And you see things like blowback on organizations that attack hospitals, for example. -- and other socially unacceptable activities, not that criminal activities in general are not broadly socially unacceptable. But this is something that there are some really complex dynamics that are at work here.

Scott Crawford

Yes, indeed. And we've already seen some examples of just that sort of allegations are crossing the line in attacks in the kinetics space just in the last few days. So yes, I would expect that some of those limitations do hamper actors across the board here.

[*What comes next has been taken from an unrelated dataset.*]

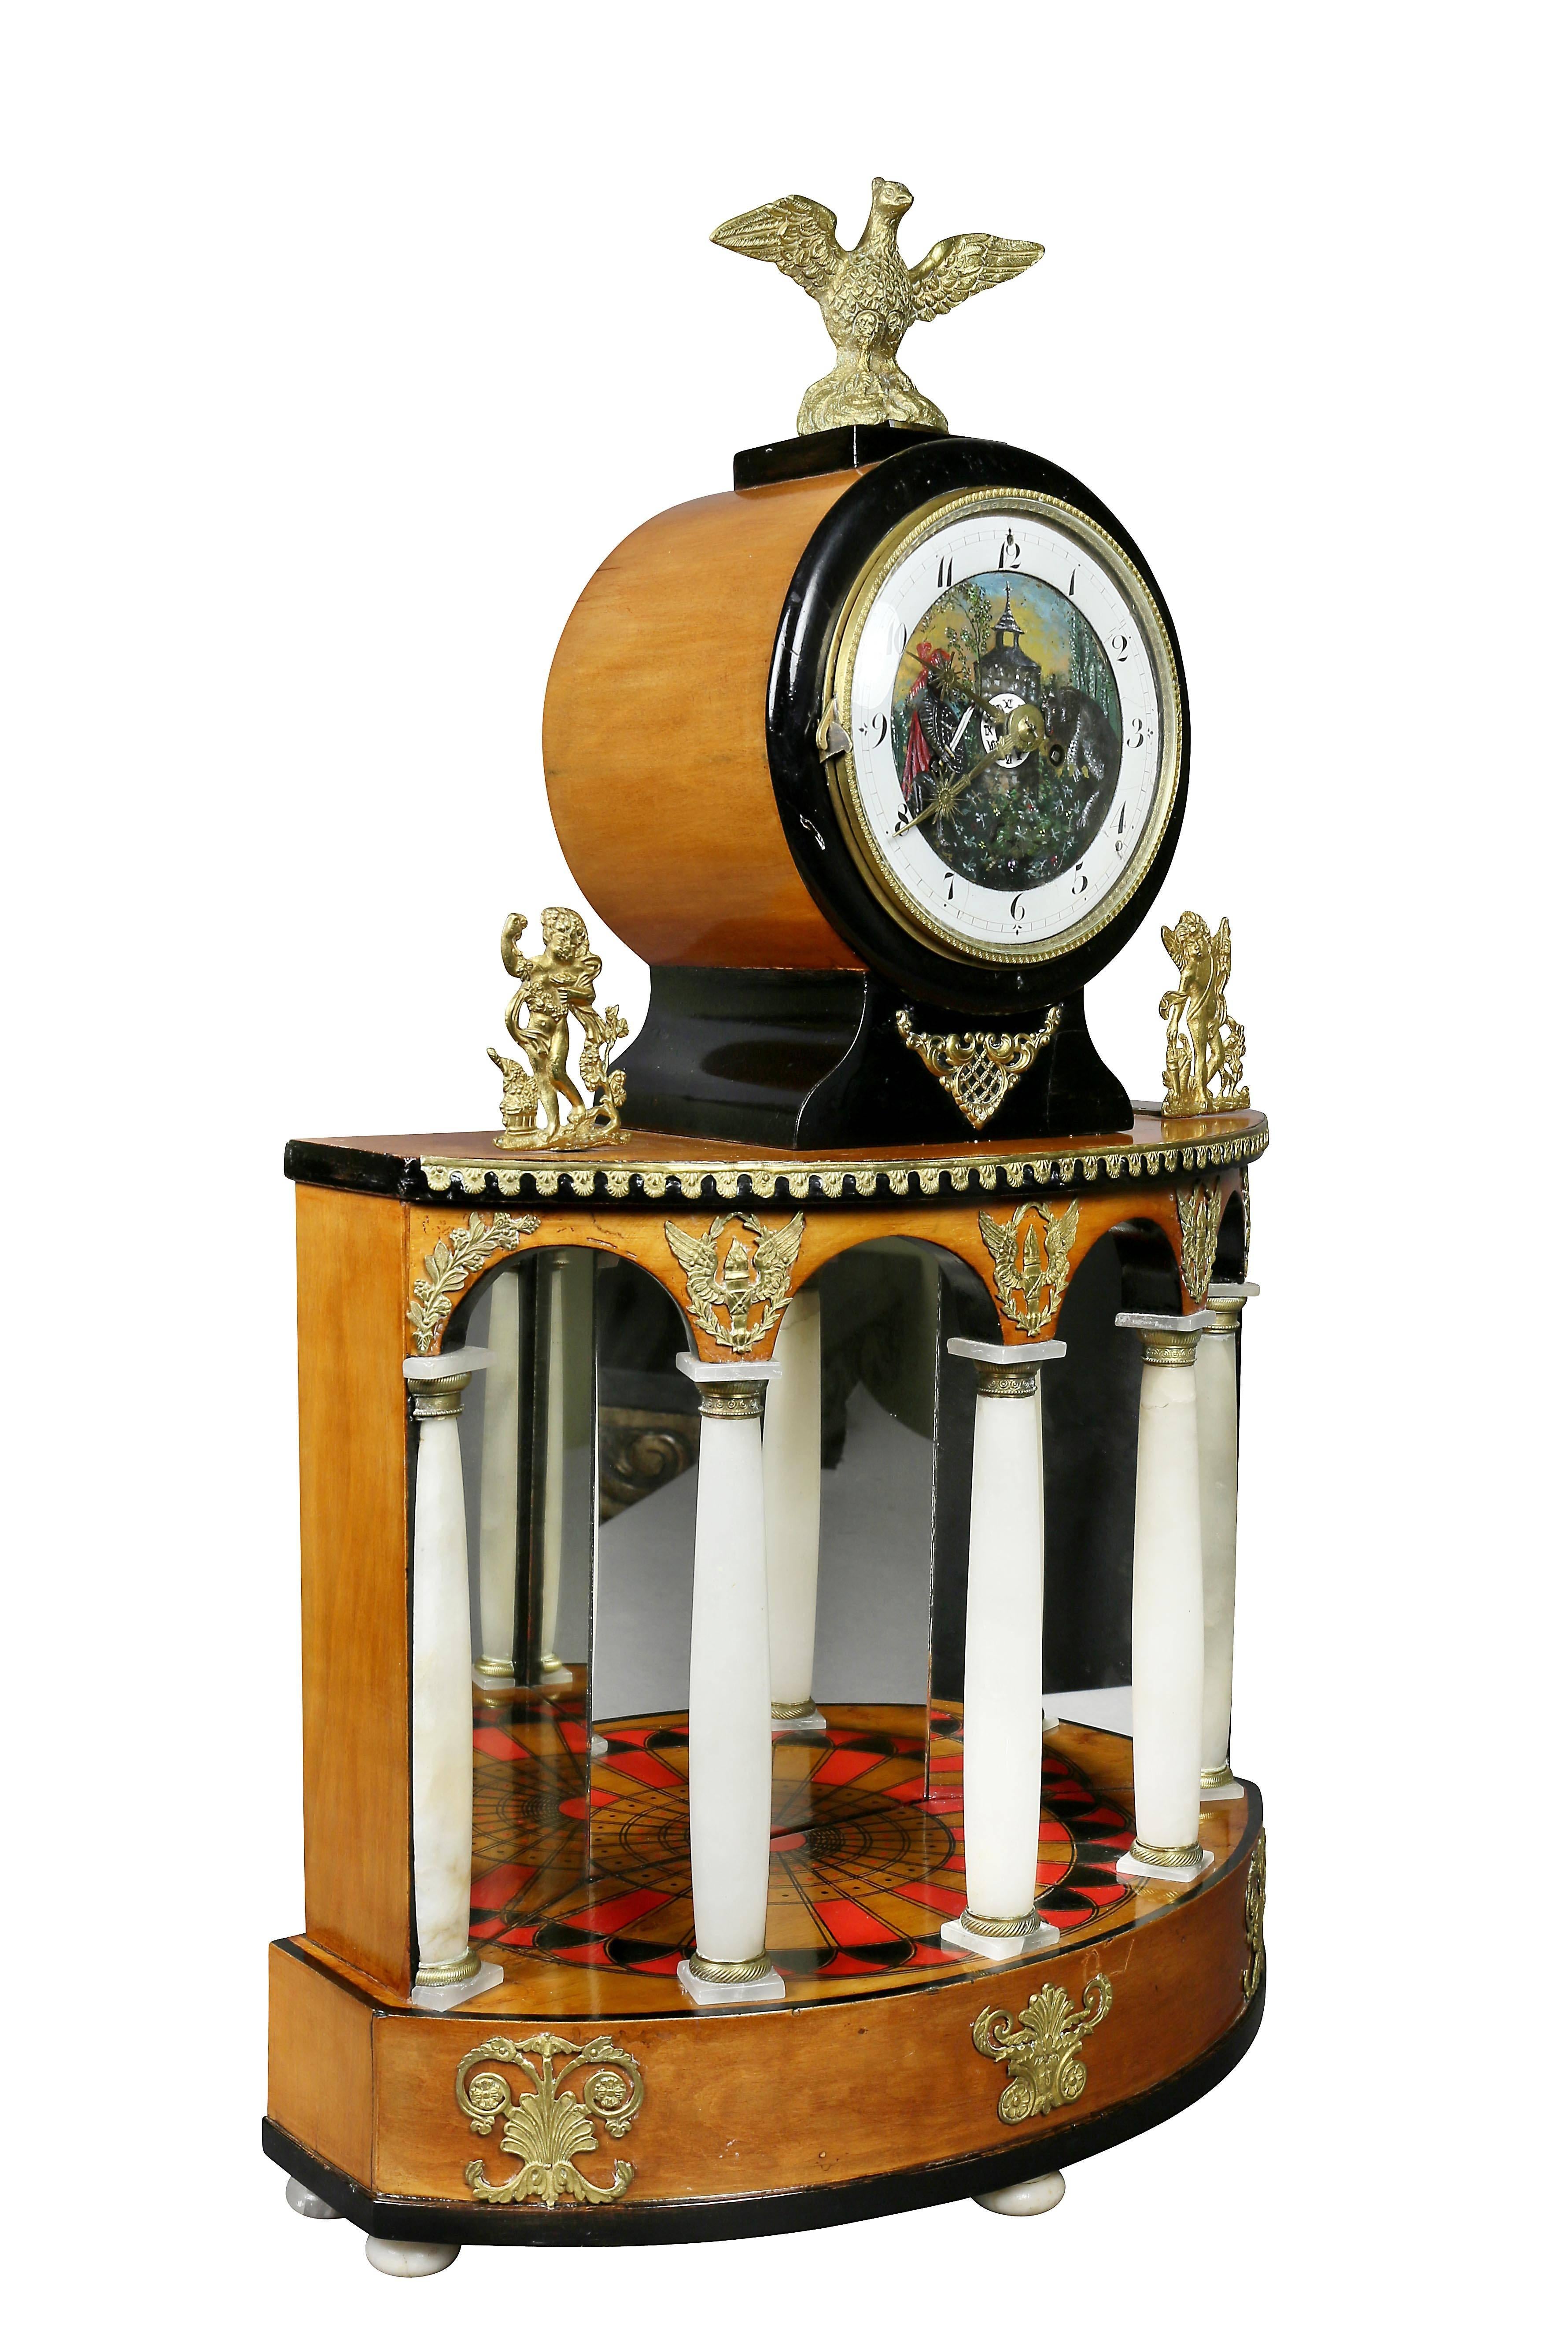 With eagle finial over an enameled and painted clock face over an inlaid portico with mirror back and alabaster columns on a plinth base.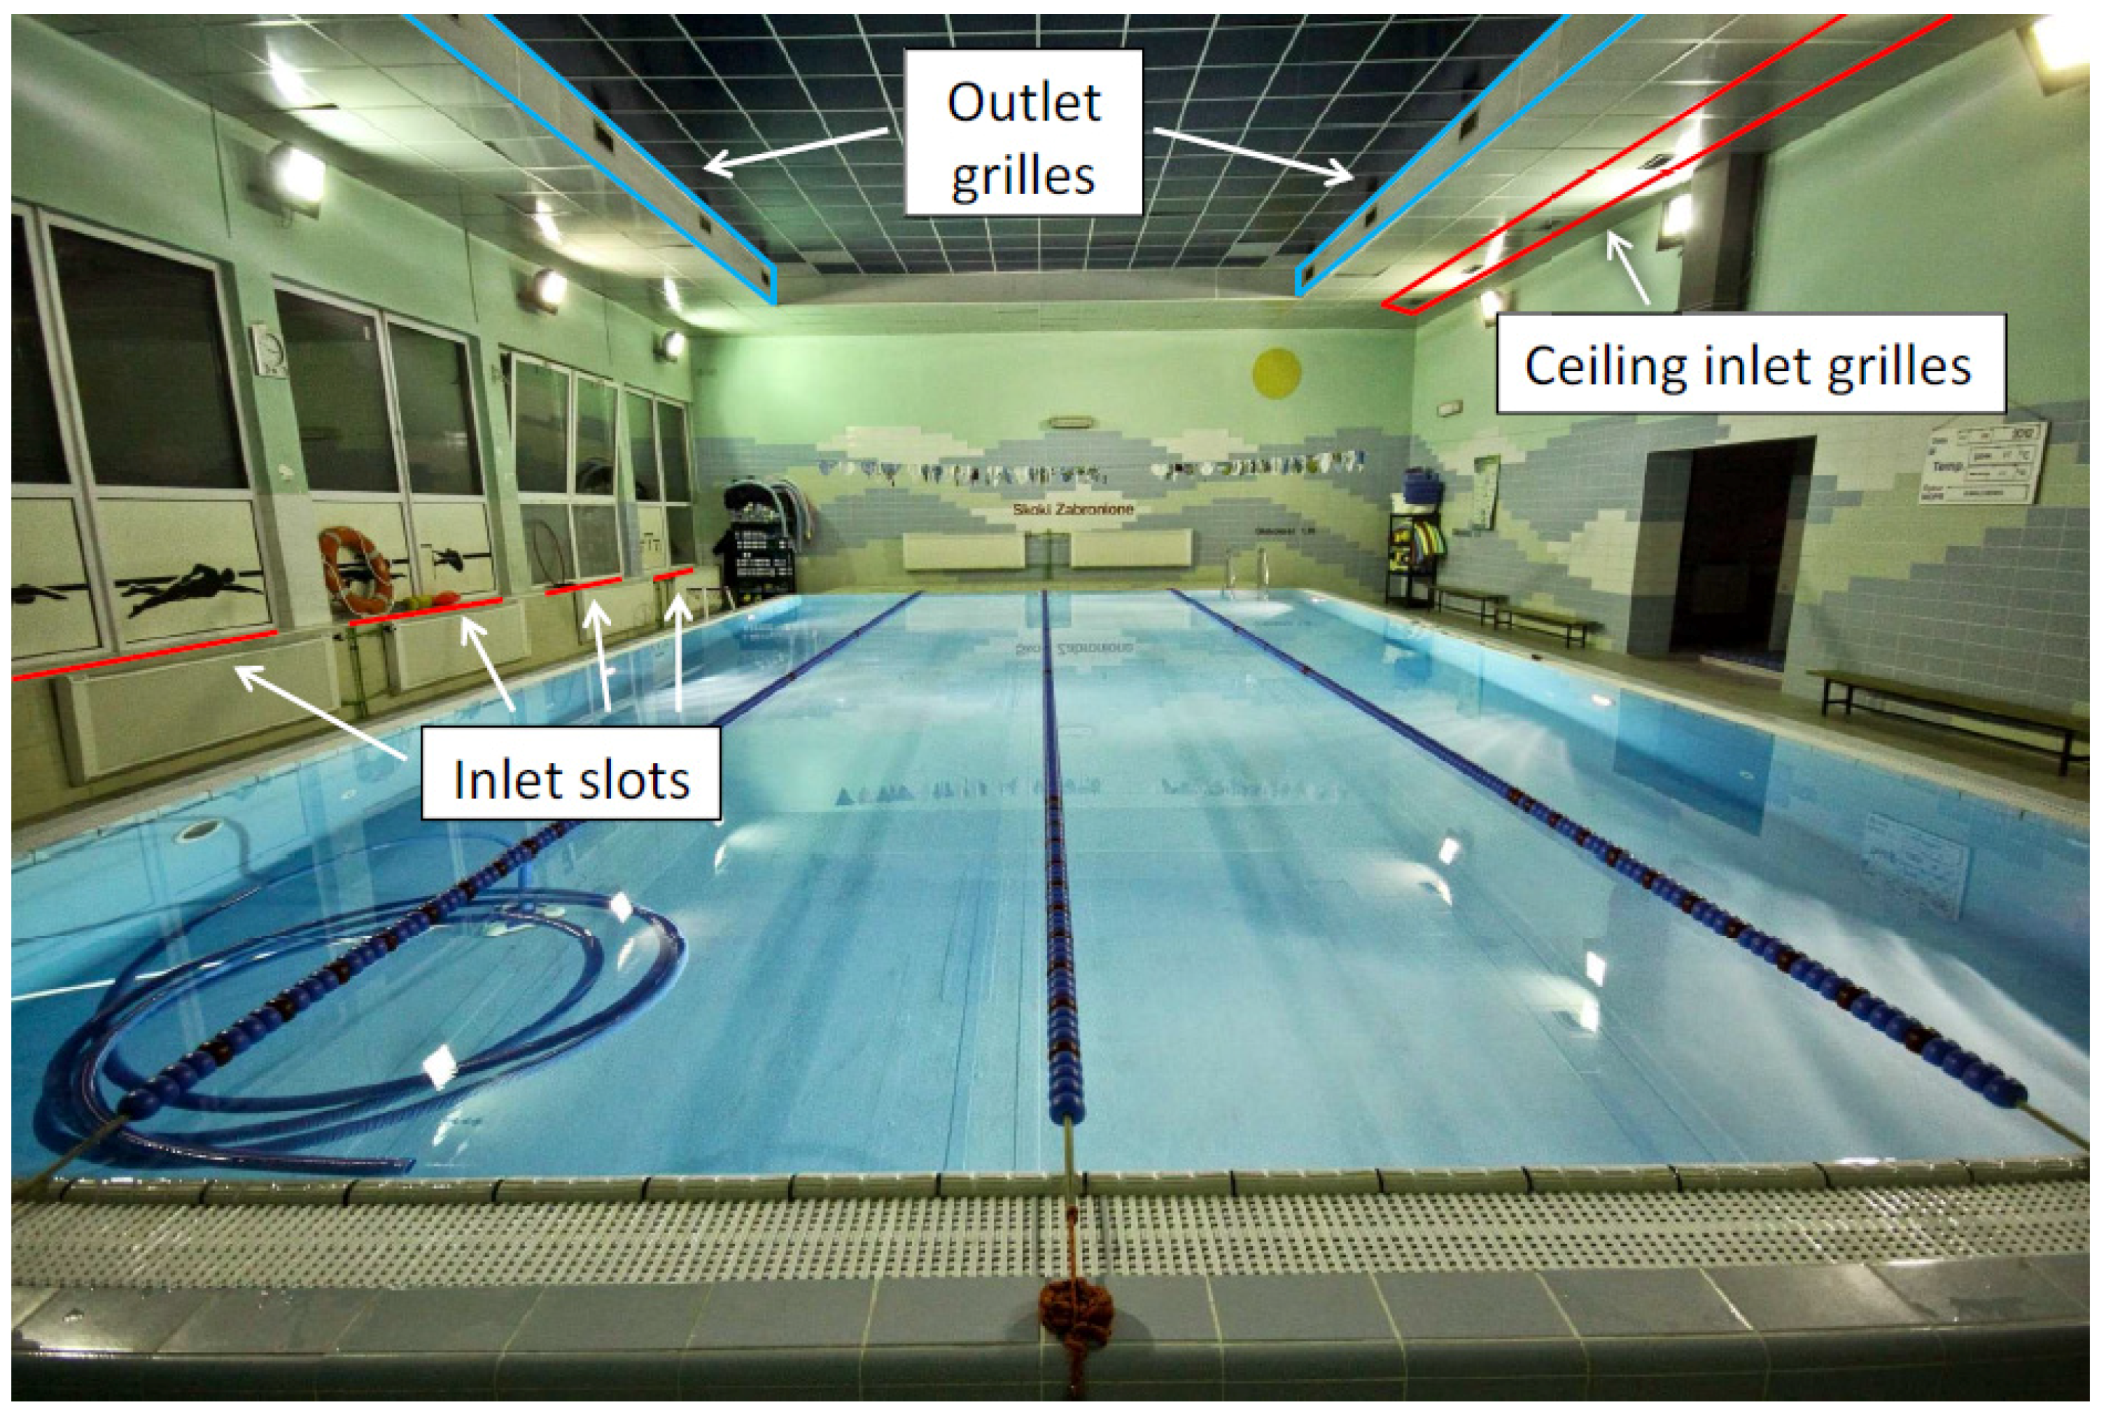 Energies | Free Full-Text | Numerical Analysis of the Energy Consumption of  Ventilation Processes in the School Swimming Pool | HTML

And maybe actually working to mitigate some of the more serious attacks. But again, that's unknown. We have yet to know what's going -- what would precipitate something like that, if it would, out of this conflict.

Eric Hanselman

So given that -- I think to summarize, we've been saying is that this is a very new space with a set of various forces in play that are really hard to get hold of, what should organizations be considering?

I mean, what -- from an organizational perspective, or what are things that typical enterprises should be thinking about in terms of -- and I use the term cautiously, we refer in information security about the blast radius of things.

And given that we are now in a situation in which there is a kinetic aspect to this with human damage, but what should organizations be considering around this? And are these things that may potentially be masking other concerns? What should enterprises be doing at this point to ensure that they are covering the kinds of concerns and risks that may shake out from this?

Johan Vermij

Well, in our recent spotlight conflict in Ukraine and turning point for cybersecurity. We expected a possible fallout to fiscal assets such as targeting energy resources, transportation and financial systems. And we saw Anonymous doing exactly that in Belarus.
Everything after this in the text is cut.